Then-U.S. Vice President Joe Biden (right) meets with then-Russian Prime Minister Vladimir Putin (left) in Moscow on March 10, 2011. Michael McFaul, the architect of President Barack Obama’s Russia “reset,” can be seen at the right rear.

The last time Vladimir Putin and Joe Biden met was after Biden made a quick 10-minute drive across central Moscow from the Ritz-Carlton hotel to attend a group meeting at Russia’s White House, overlooking a bend in the still icy Moskva River.

It was March 10, 2011. Biden was U.S. vice president.
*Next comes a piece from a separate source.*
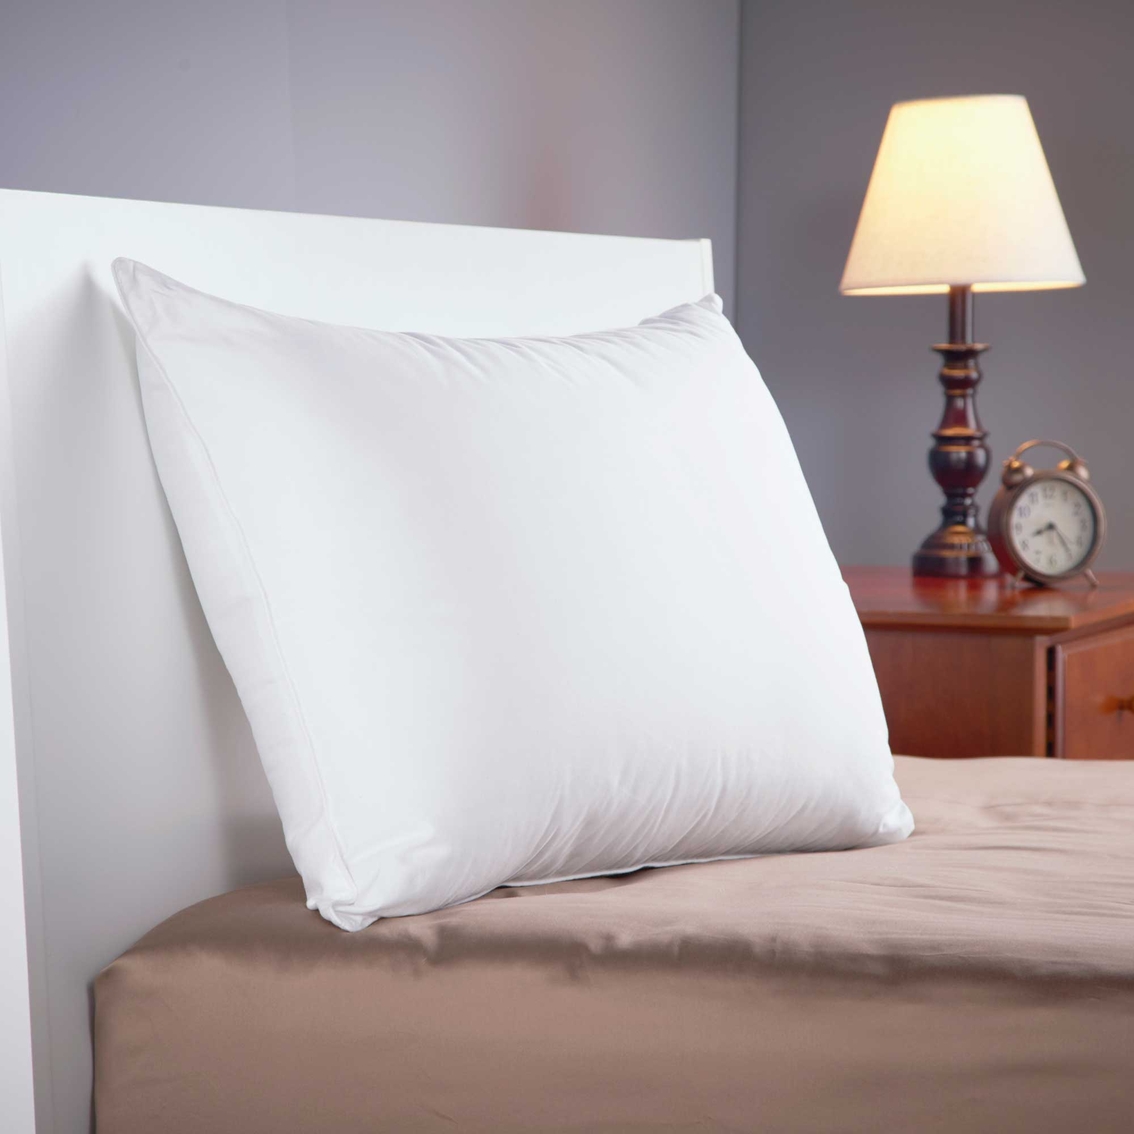 Sealy Refreshing Comfort Pillow - Image 4 of 4

Putin was then Russia's prime minister.

“I would describe it as cordial,” said Michael McFaul, the architect of President Barack Obama’s Russia “reset” and later the ambassador to Moscow. “It wasn’t confrontational, but we spent a good chunk of time on things that we disagreed about, particularly on Georgia and missile defense. I remember some pretty sharp back-and-forth on those issues.”

Biden “is a gregarious guy. He’s physical, grabbing hands and elbows. He’s got a sense of humor,” McFaul told RFE/RL. “I don’t remember any of that with Putin. It was all ‘game face on, stick to the script.’”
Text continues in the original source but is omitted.